Шрифт:
Интервал:
Закладка:
Лишь единожды, и то наспех, на Кронверкском появился Никита. Привез чай, сало, хлеб и банки мясных консервов.
– Кажется, – сказал ему отец, – теперь я начинаю догадываться, в чем смысл той загадочной фразы: ты и в самом деле нашел то, что тебе надобно… Жри сам!
– Спасибо. Я сыт, – отвечал Никита. – И не о себе думаю. Стоит ли нам ссориться? Если я сумел забросить шапку на дерево, так сумею, наверное, и снять ее оттуда… Извини, пожалуйста, что не мог сказать тебе раньше. Я ведь еще на Амурской флотилии стал социал-демократом, и меня, как и тебя, кстати, никак не могли устраивать ни прежняя революция, ни Временное правительство, ни это Учредительное собрание.
– И тебе возжаждалось новой Геростратовой славы? Но ведь ты давал присягу не перед Смольным институтом, ты склонял колена перед славным Андреевским стягом…

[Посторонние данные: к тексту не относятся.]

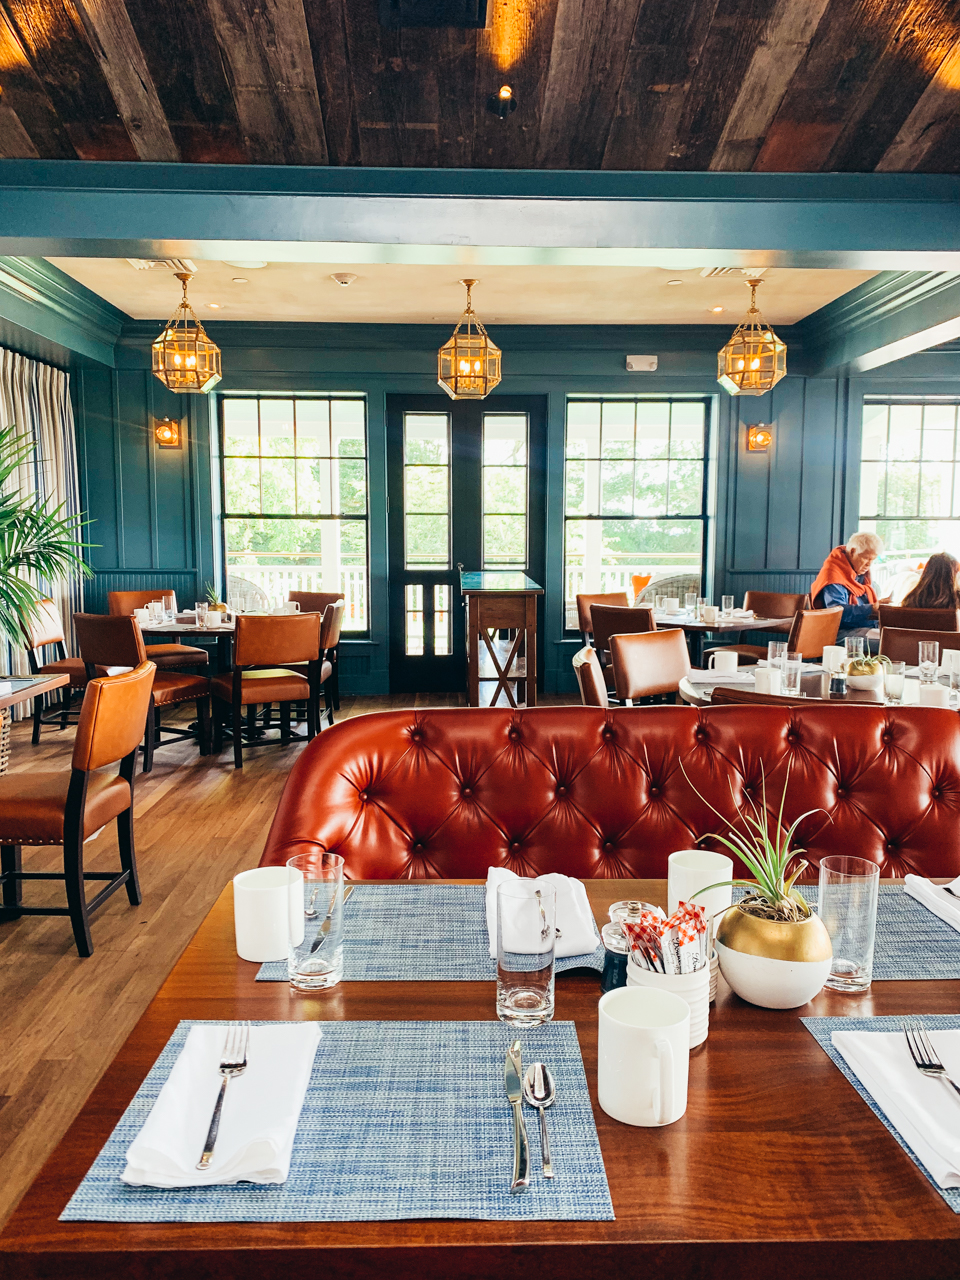 Bettini's | New England Foodie Guide: Top 8 Restaurants in Martha's Vineyard You Must Try by popular New England Food Blogger, Shannon Shipman: image of the inside of Bettini's in Martha's Vineyard.

Сын начал перечислять офицеров царского флота, принявших советскую власть: Ружек, Беренс, Зеленый, Галлер, Киткин, Гончаров, Пилсудский, Альтфатер, Максимов, Немитц, братья Кукели-Краевские, Модест Иванов и Егорьев, сын командира крейсера «Аврора», погибшего геройски еще при Цусиме:
– Время рассудит нас, папа… Теперь ты ешь!
Коковцев стал есть. Никита удалился с Глашей в промерзлую мэдхенциммер, там они очень долго перешептывались.
– Оля, не напоминает ли это тебе былое? Только покойный Гога умудрялся навещать Глашеньку по ночам, а?
– Оставь их в покое, – раздраженно отвечала жена. – Что у тебя, Владечка, стал такой нехороший язык?..
В прихожей Глаша подала Никите форменное пальто, одернула на нем хлястик, просила поднять воротник. Коковцев не удивился, что она, свой человек в доме, расцеловала Никиту.
– Папа, – сказал он на прощание, – я не хочу продлевать наши споры, но все-таки в присяге ты ошибаешься. Отречением от престола император сам освободил всех нас (и тебя тоже!) от присяги. А от присяги народу не отказываются…
Через несколько дней Ольга Викторовна сказала:
– Владя, не знаю, как ты к этому отнесешься, но скрывать не могу долее: Никита сделал предложение Глаше…
– Я выгоню их вон… со щенком вместе… на мороз!
Резкий удар пощечины ошеломил адмирала.
– А кто тебе позволит это сделать? – спросила Ольга. – Скорее я расстанусь с тобой, мой милый… Владечка.
Во тьме остылой спальни сверкнули в ее ушах бриллианты. Завороженный их блеском, Коковцев протянул руку:
– Вынь их… Завтра продам. На толкучке…
Ольга Викторовна равнодушно отдала ему драгоценные серьги, стала срывать с себя кольца. Коковцеву сделалось стыдно.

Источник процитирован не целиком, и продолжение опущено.